Paper No. 140-9
Presentation Time: 4:00 PM
A CHRONOSTRATIGRAPHIC RECORD OF MID-WISCONSINAN AGGRADATION IN THE LOWER OHIO RIVER VALLEY AND IMPLICATIONS FOR THE LAURENTIDE ICE SHEET (Invited Presentation)
The Quaternary evolution of the Ohio River was profoundly influenced by the Laurentide ice sheet. Early Pleistocene glacial-interglacial cycles resulted in the capture of the Teays River, transforming the Ohio River from a narrow bedrock stream in a relatively small watershed to a terraced fluvial landscape that drains a significant portion of the east-central United States.
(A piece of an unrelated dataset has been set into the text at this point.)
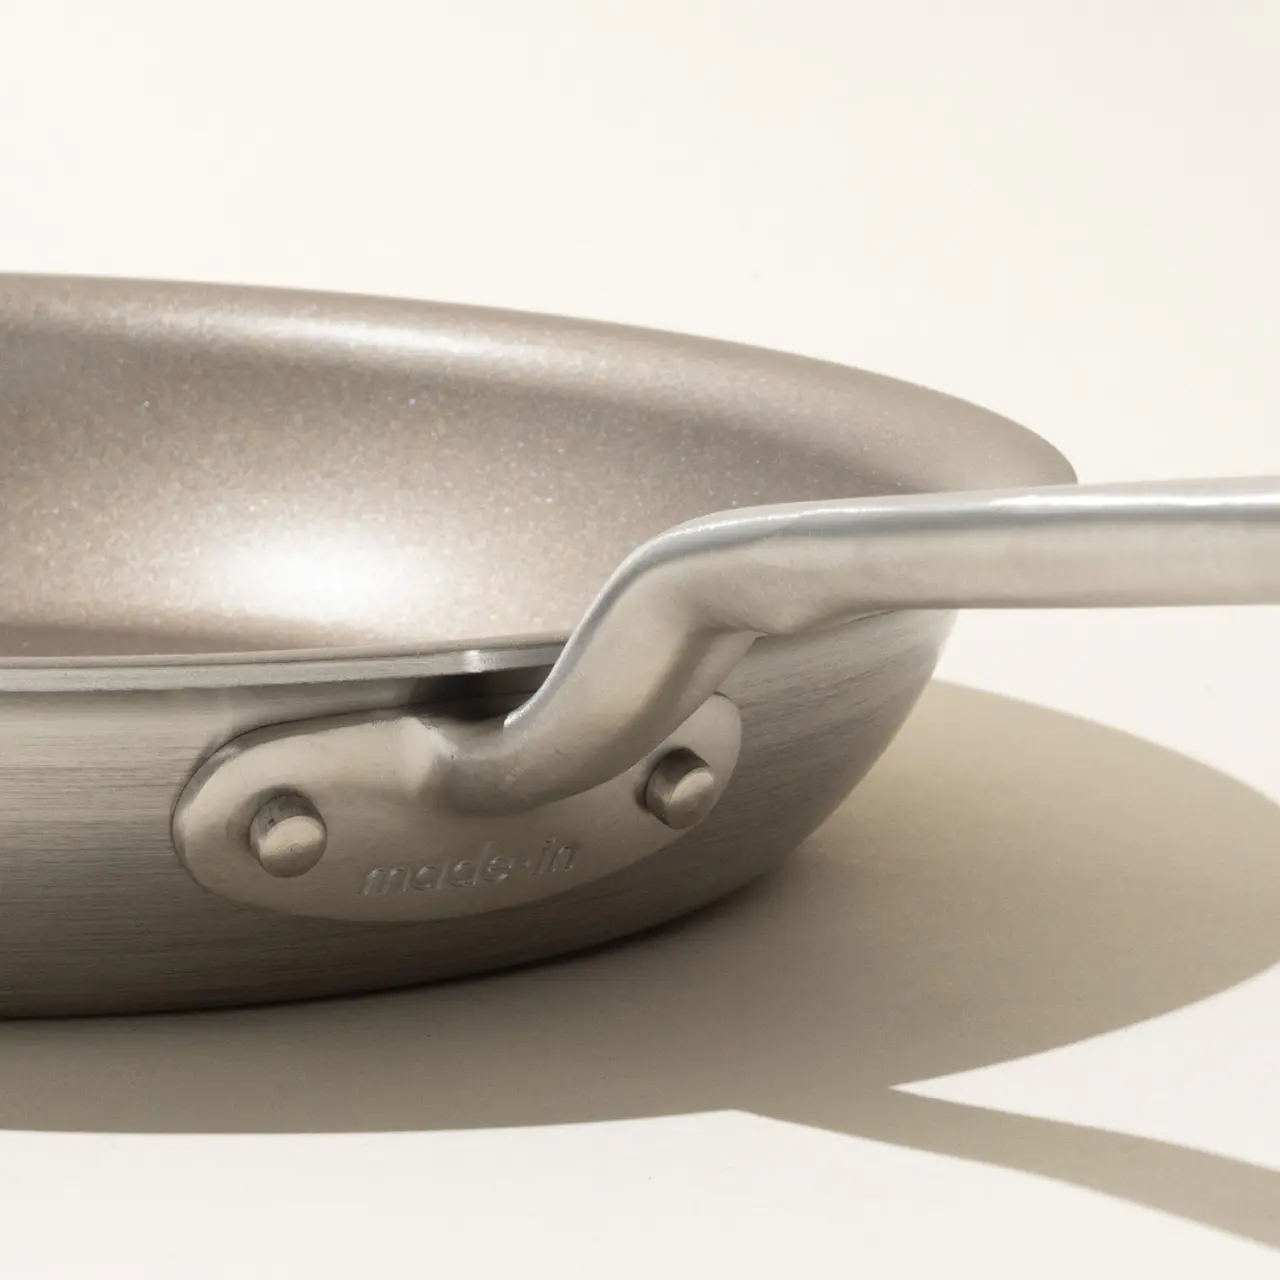 A close-up of a metallic frying pan focusing on its handle with the brand name visible and its shadow cast on the surface beneath it.

A chronostratigraphic framework for the lower Ohio River valley, developed from geologic and geomorphic mapping, sediment coring, geophysics, and from AMS radiocarbon and optically stimulated luminescence (OSL) dating reveals that the lower Ohio and Wabash River valleys experienced a significant phase of aggradation from ~45ka to 29ka. The timing of this aggradation corresponds to the deposition of the mid-Wisconsinan Roxana silt, which is ubiquitous in these valleys, and includes Heinrich events H5 through H3. This pulse of aggradation implies that the Laurentide ice sheet advanced into the Ohio River Basin during the mid-Wisconsinan, and meltwater was routed from an eastern to a southern outlet. There are many published radiocarbon ages for till and associated glacial deposits in the Great Lakes region that range from >30ka to finite (>48ka) and support a mid-Wisconsinan ice advance, but deposits of this age were frequently dismissed as old material reworked by late Wisconsinan ice and a mid-Wisconsinan advance is generally not recognized. The use of AMS radiocarbon and luminescence dating techniques is significantly advancing the state of knowledge for mid-Wisconsinan deposits that were previously not recognized because this time interval is near the limits of conventional radiocarbon dating. As more researchers utilize new dating methods such as luminescence and terrestrial cosmogenic nuclide dating and identify additional mid-Wisconsinan glaciofluvial deposits, new models for the position and chronology of the Laurentide ice sheet during mid-Wisconsinan time can be developed and tested.